Sustaining a burn injury sets in motion a cycle of pain, disfigurement, and a search for survival. In pediatric burns, the injury extends to the parents where fear, ignorance, and helplessness forever change their lives. Pediatric burn injuries are caused by fire, hot liquids, clothing irons, hair curlers, caustic substances like drain cleaner, the grounding of an electrical source, and exposure to radiation. Efficiency in the delivery of pediatric burn care is critical. Maximizing resource utilization means continual self-evaluation and economic analysis of therapeutic modalities.
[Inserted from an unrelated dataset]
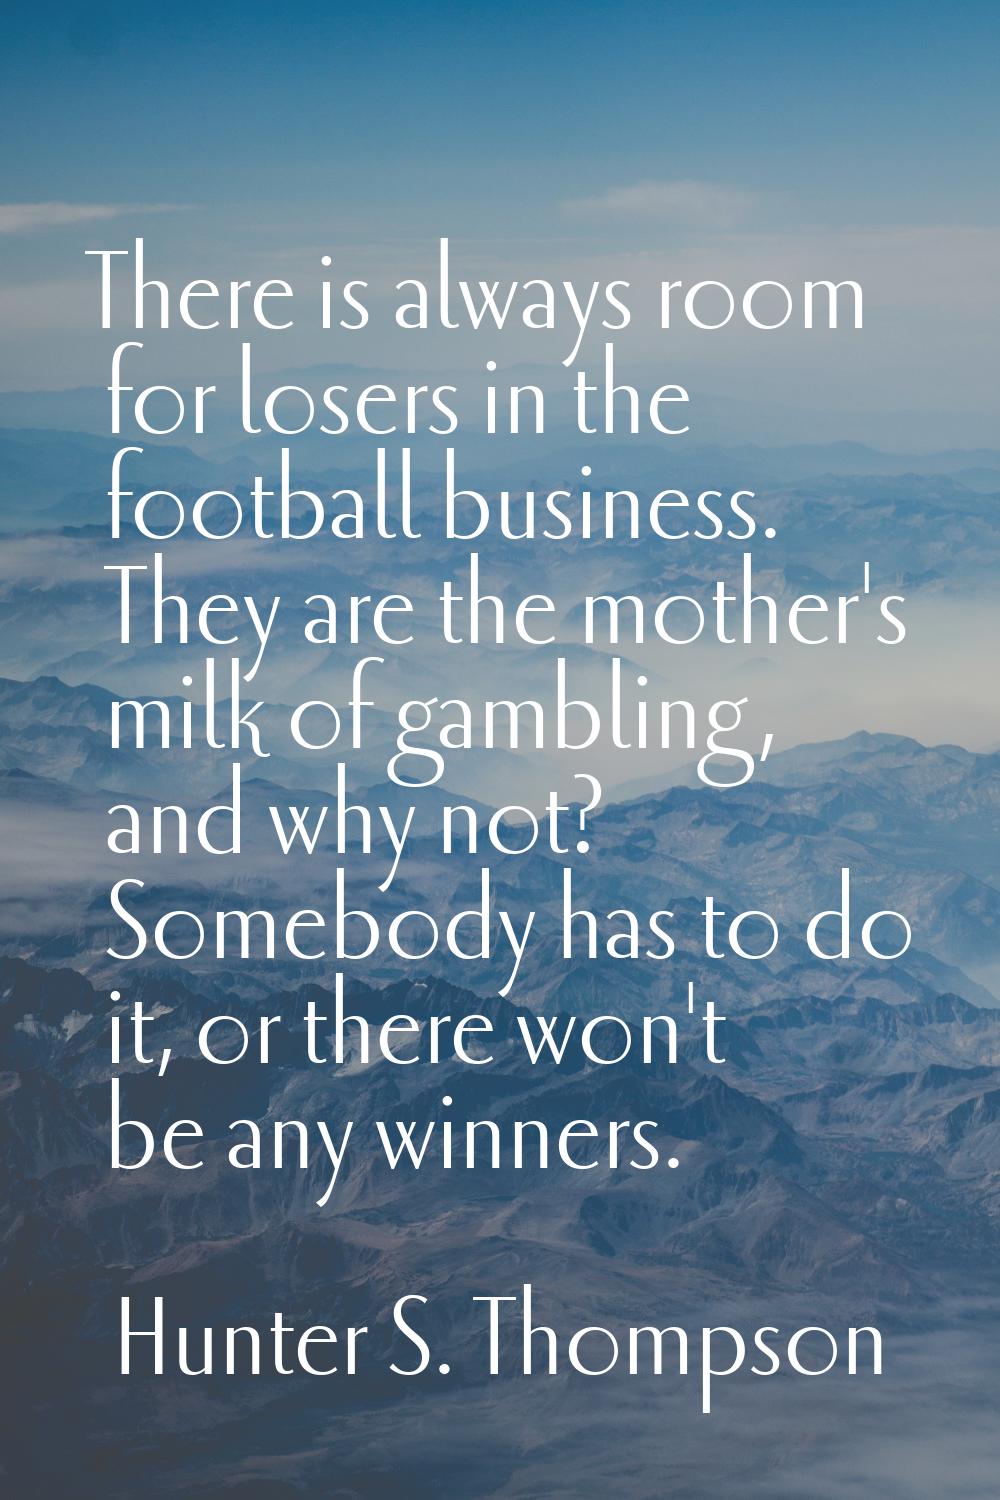 There is always room for losers in the football business. They are the mother's milk of gambling, a

Griffiths et al found that most childhood burns are due to scalds, which can be treated for $1061 per percent burn. Paddock et al reduced the cost of treating superficial pediatric burns and reduced the length of stay in hospital using silver-impregnated gauze over traditional methods. Barrett et al found improved cosmesis of skin grafts using cultured epithelial autografts but at a substantially increased cost. Corpron et al showed that pediatric burn units that treat burns >10% total body surface area and operative treatment of pediatric burns regardless of size generate positive revenue. There is a paucity of evidentiary pediatric burn economic data. More research is needed to address areas of pediatric burn care inefficiency. Improving knowledge of cost in all health care endeavors will create competition and drive down expenditures.

PMID:
18650705
DOI:
10.1097/SCS.0b013e318175b58c
[Indexed for MEDLINE]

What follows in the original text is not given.